The Lennard-Jones melting line and isomorphism

The location of the melting line (ML) of the Lennard-Jones (LJ) system and its associated physical properties are investigated using molecular dynamics computer simulation. The radial distribution function and the behavior of the repulsive and attractive parts of the potential energy indicate that the ML is not a single isomorph, but the isomorphic state evolves gradually with temperature, i.e., it is only "locally isomorphic." The state point dependence of the unitless isomorphic number, X̃, for a range of static and dynamical properties of the LJ system in the solid and fluid states, and for fluid argon, are also reported.
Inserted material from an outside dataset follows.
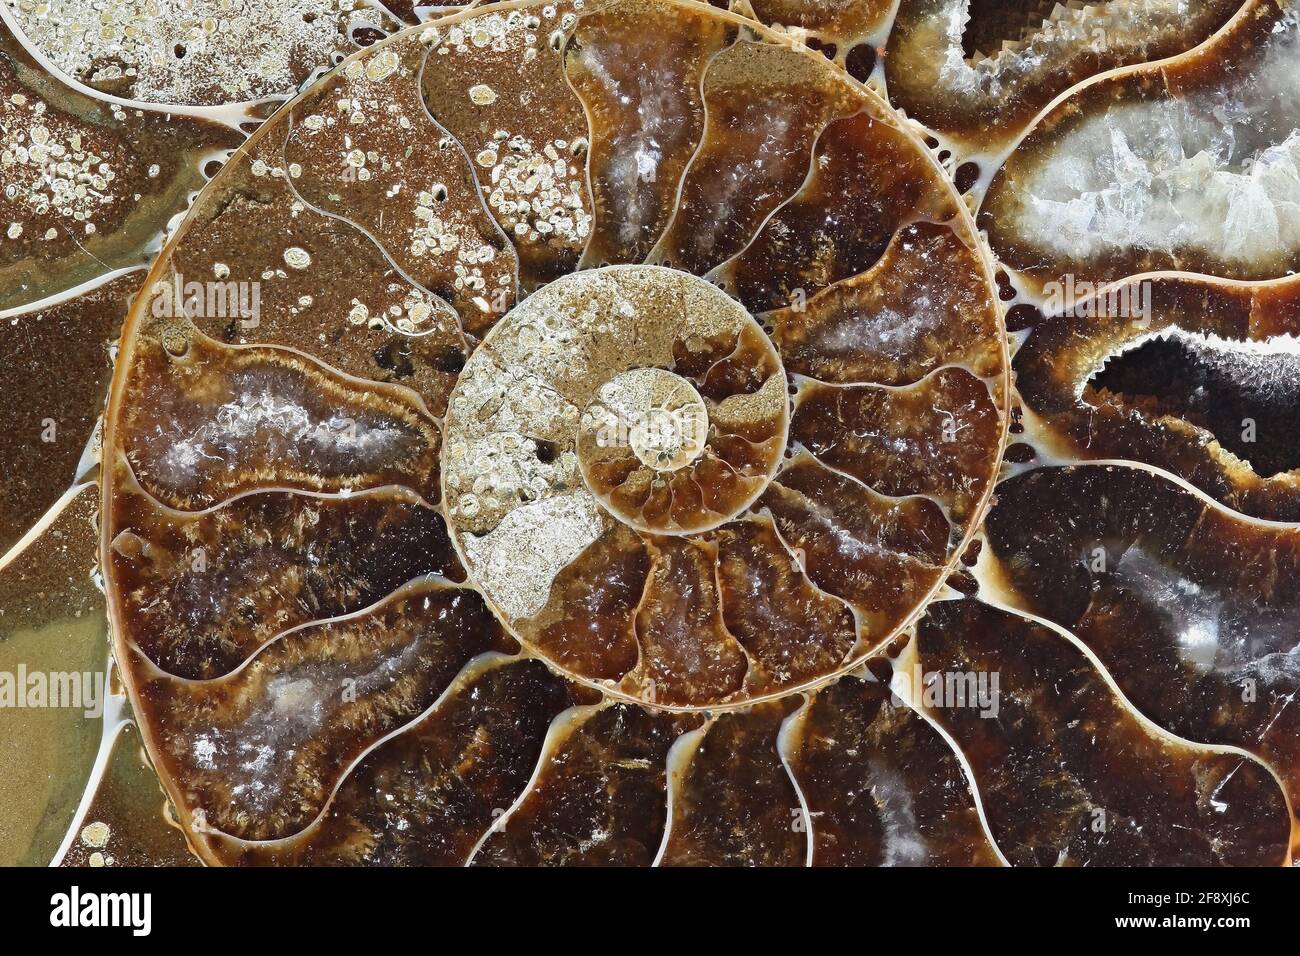 This is prehistoric fossilized mollusk called ammonite, an extinct marine animal. Stock Photo

The quantity X̃ typically varies most with state point in the vicinity of the triple point and approaches a plateau in the high density (temperature) limit along the ML.
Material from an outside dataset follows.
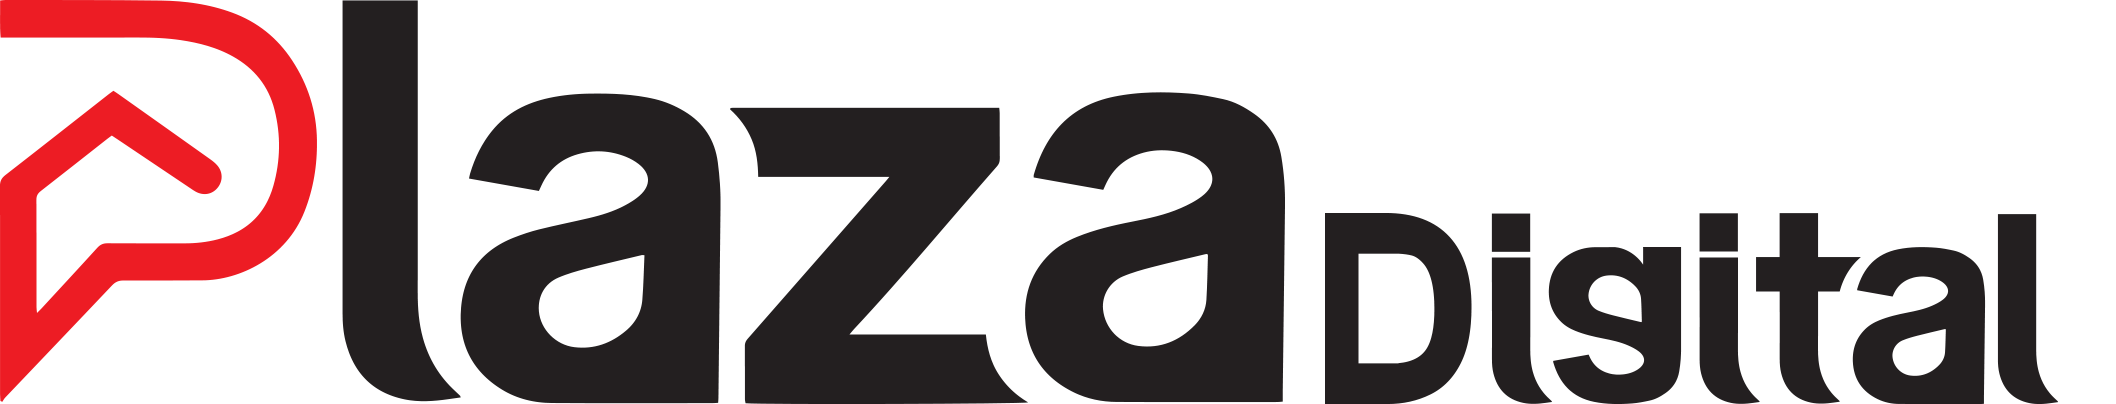 plazadigital logo site - راهنمای انتخاب کامپیوتر همه کاره

Simplicity of condensed matter at its core: generic definition of a Roskilde-simple system

The isomorph theory is reformulated by defining Roskilde-simple systems by the property that the order of the potential energies of configurations at one density is maintained when these are scaled uniformly to a different density. If the potential energy as a function of all particle coordinates is denoted by U(R), this requirement translates into U(Ra) < U(Rb) ⇒ U(λRa) < U(λRb). Isomorphs remain curves in the thermodynamic phase diagram along which structure, dynamics, and excess entropy are invariant, implying that the phase diagram is effectively one-dimensional with respect to many reduced-unit properties. In contrast to the original formulation of the isomorph theory, however, the density-scaling exponent is not exclusively a function of density and the isochoric heat capacity is not an exact isomorph invariant. A prediction is given for the latter quantity's variation along the isomorphs. Molecular dynamics simulations of the Lennard-Jones and Lennard-Jones Gaussian systems validate the new approach.
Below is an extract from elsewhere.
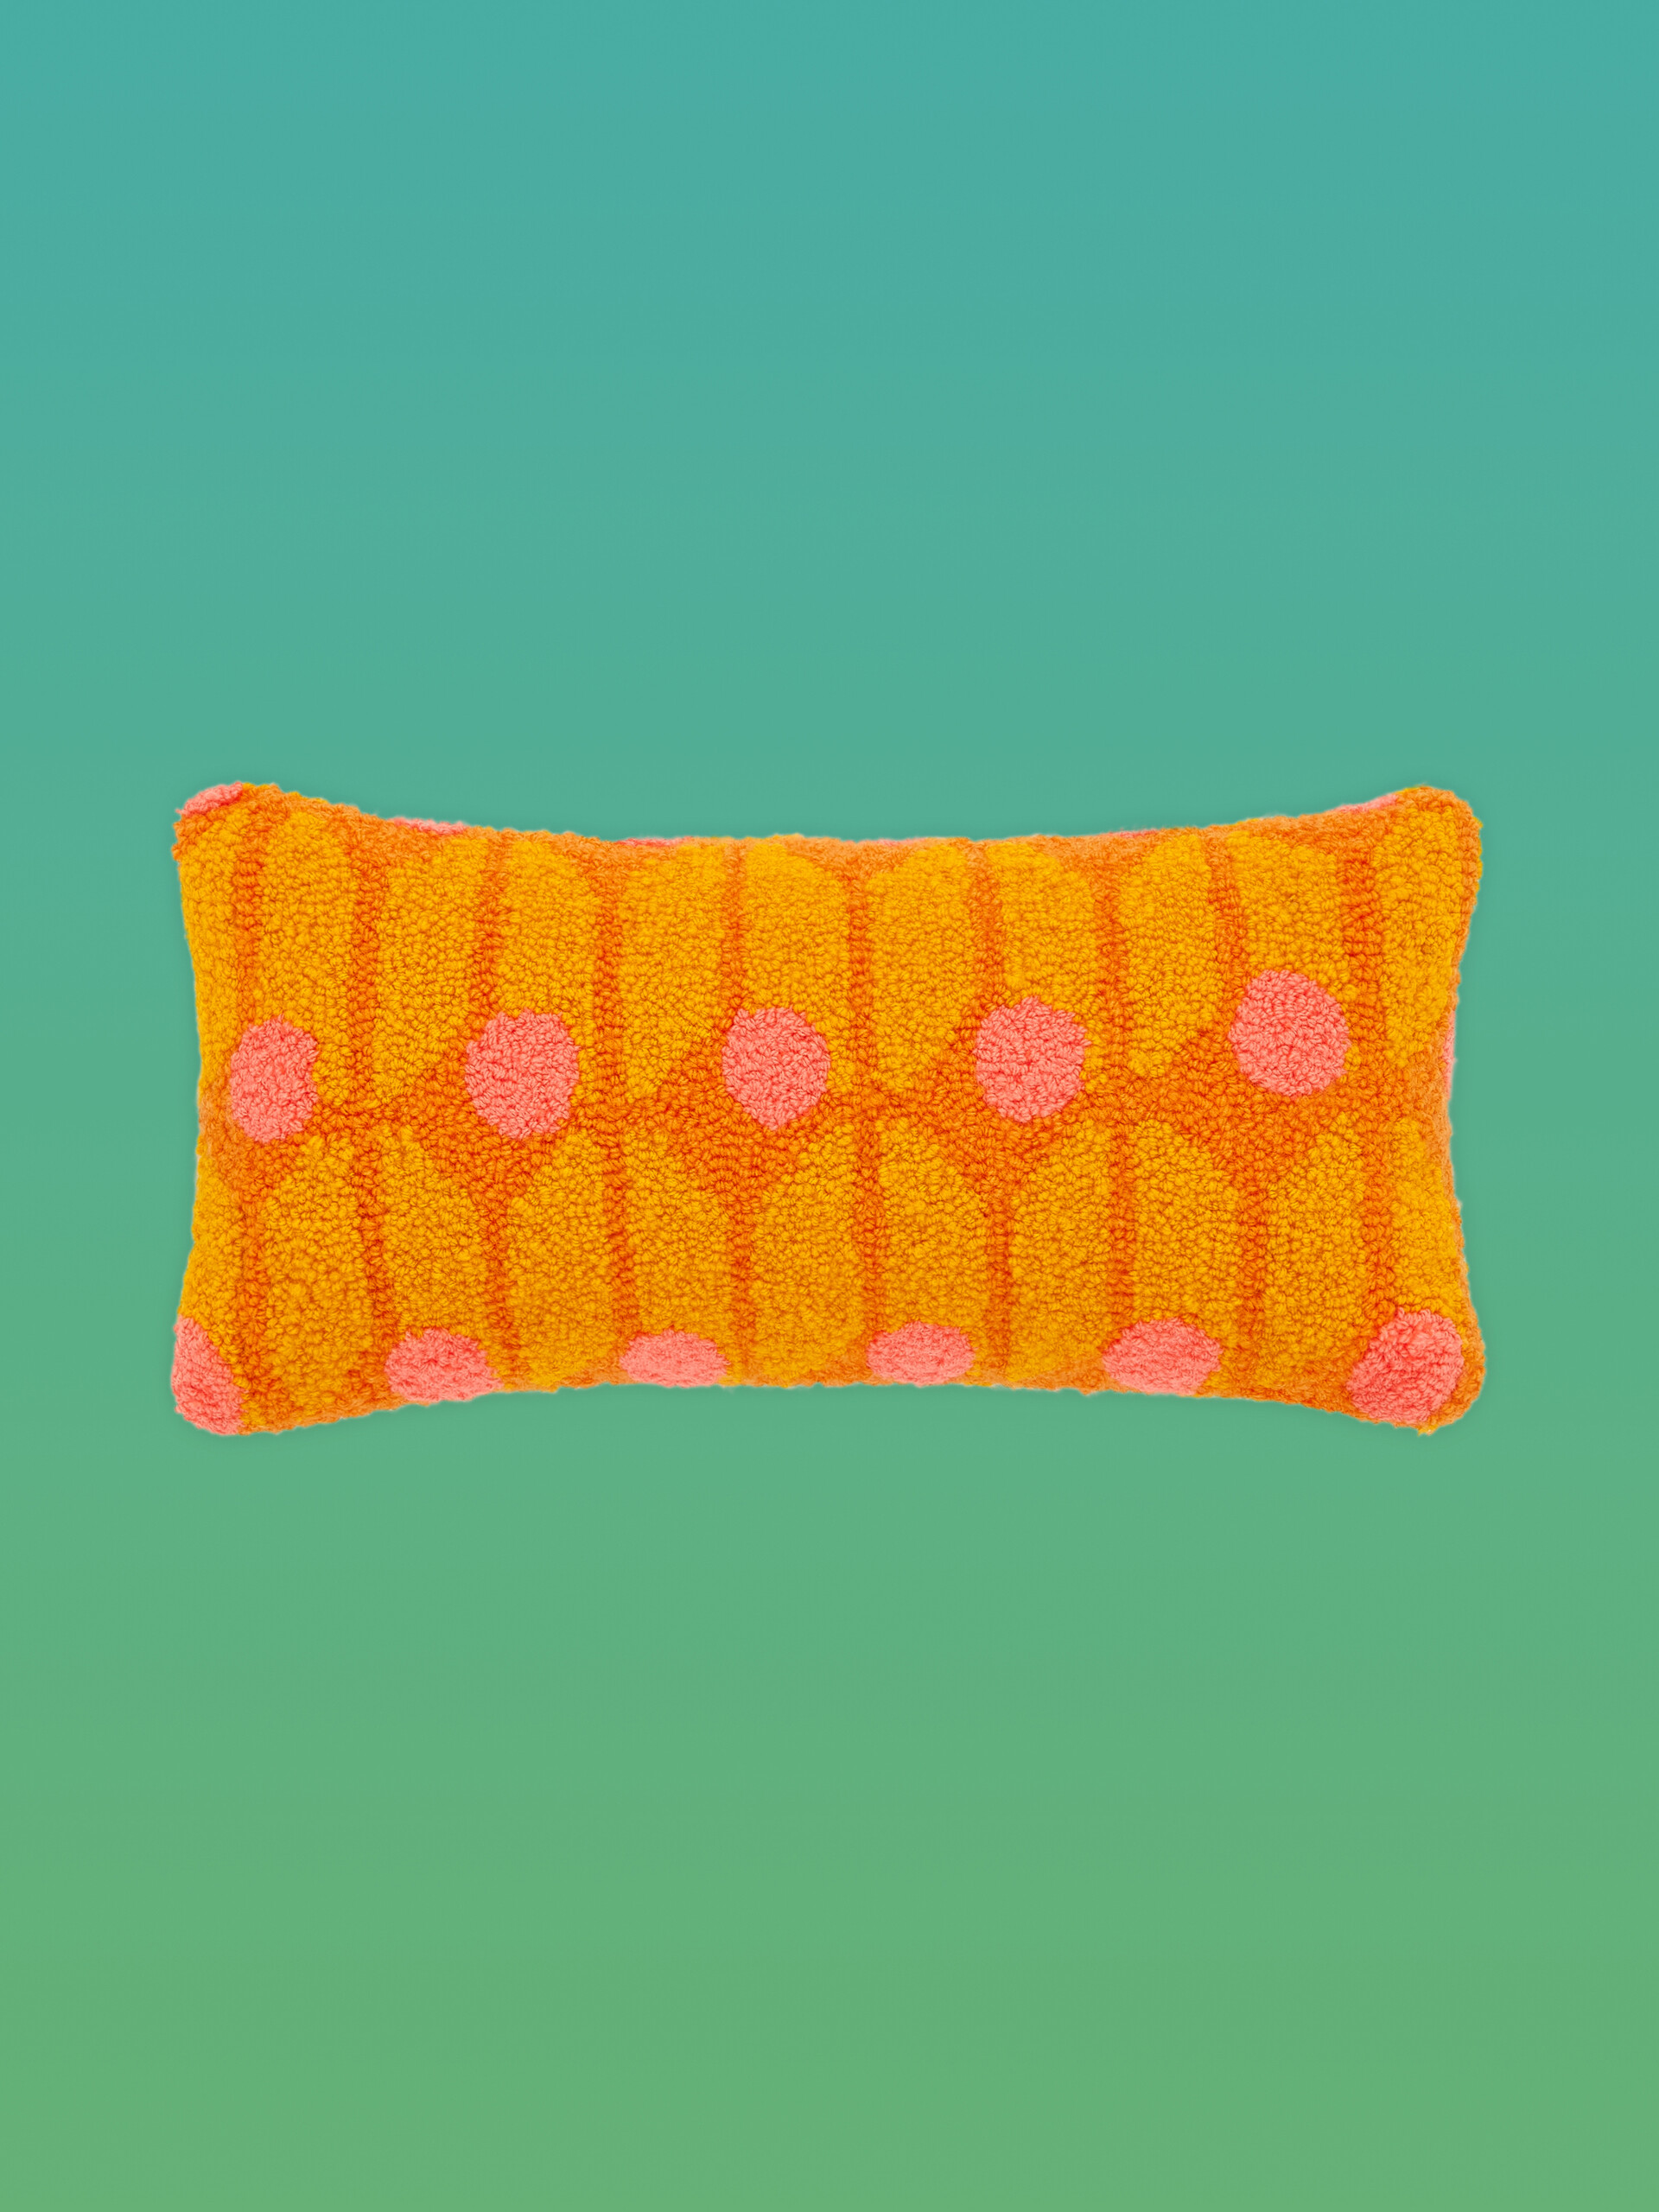 Multicolor orange fabric MARNI MARKET pillow - Furniture - Image 1

Density scaling and quasiuniversality of flow-event statistics for athermal plastic flows

Athermal steady-state plastic flows were simulated for the Kob-Andersen binary Lennard-Jones system and its repulsive version in which the sign of the attractive terms is changed to a plus. Properties evaluated include the distributions of energy drops, stress drops, and strain intervals between the flow events. We show that simulations at a single density in conjunction with an equilibrium-liquid simulation at the same density allow one to predict the plastic flow-event statistics at other densities. This is done by applying the recently established "hidden scale invariance" of simple liquids to the glass phase. The resulting scaling of flow-event properties reveals quasiuniversality, i.e., that the probability distributions of energy drops, stress drops, and strain intervals in properly reduced units are virtually independent of the microscopic pair potentials.